Teaching a neural network to follow chaos

Solving these memory-rich equations directly can be demanding, so the authors turn to an artificial intelligence approach. They employ radial basis function neural networks, a type of network particularly good at fitting smooth, nonlinear functions. Using simulated time series from their fractional variable-order system as training data, they configure networks with thousands of hidden units and train them to reproduce the system’s three state variables. Careful design choices—how the centers and widths of the radial functions are set, how data are split between training and testing, and how error is measured—allow the networks to approximate the chaotic trajectories with extremely small discrepancies, down to error levels near the limits of numerical precision.

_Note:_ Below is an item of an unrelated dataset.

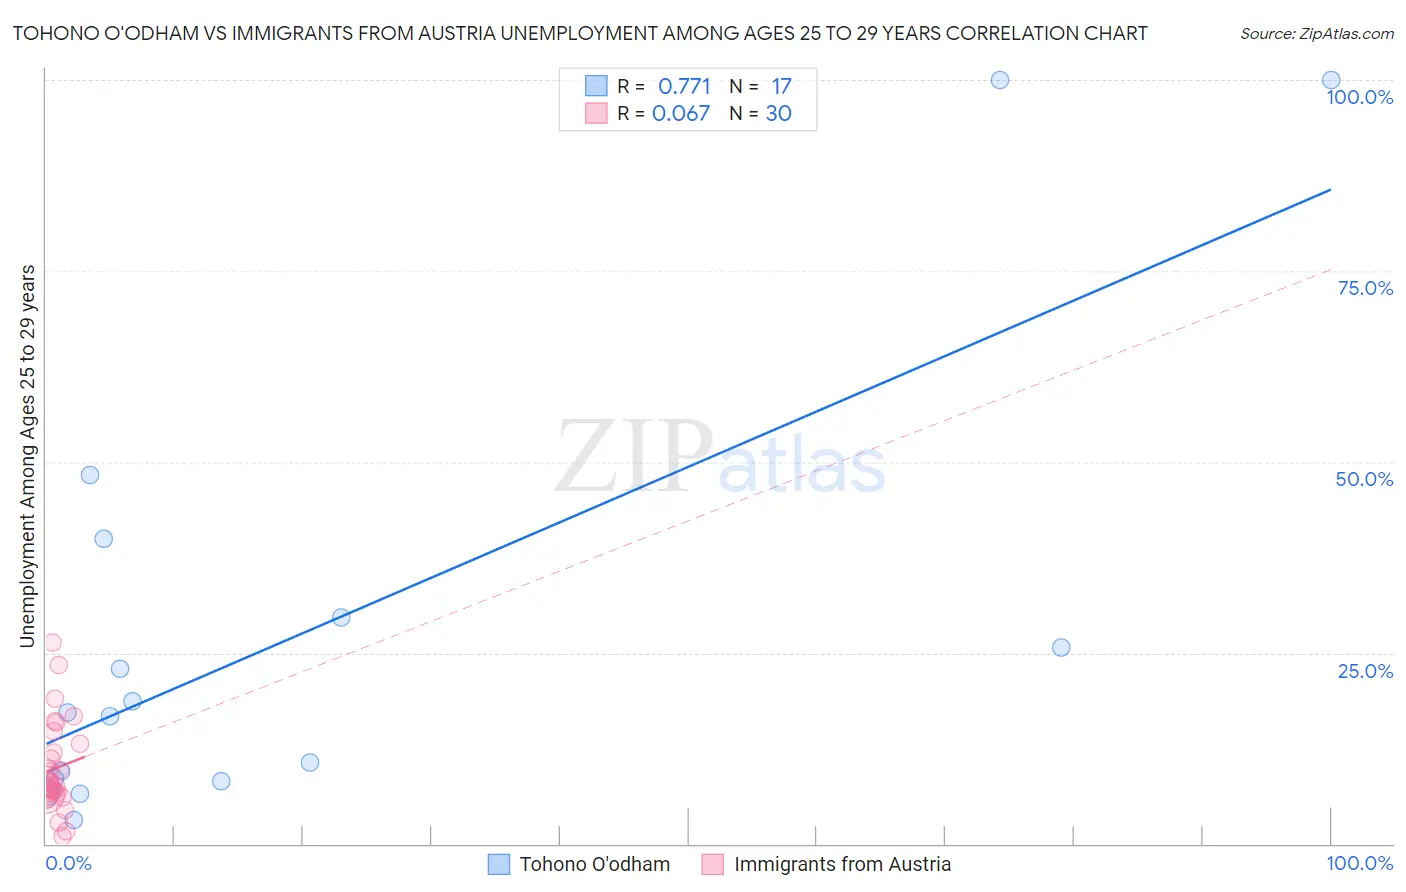 Tohono O'odham vs Immigrants from Austria Unemployment Among Ages 25 to 29 years

What this means for real-world applications

The study shows that allowing a chaotic system’s memory to change over time produces models that more closely mimic complex, real-world behavior than traditional constant-order or memory-free equations. At the same time, the use of radial basis function neural networks turns these heavy mathematical descriptions into efficient, data-driven surrogates that can be evaluated quickly. For a non-specialist, the main takeaway is that the researchers have built a flexible and accurate toolkit for describing and predicting erratic signals that depend on their past history. Such tools could ultimately make it easier to design secure communication schemes, robust control strategies, and advanced signal-processing methods that take full advantage of, rather than fall victim to, chaos.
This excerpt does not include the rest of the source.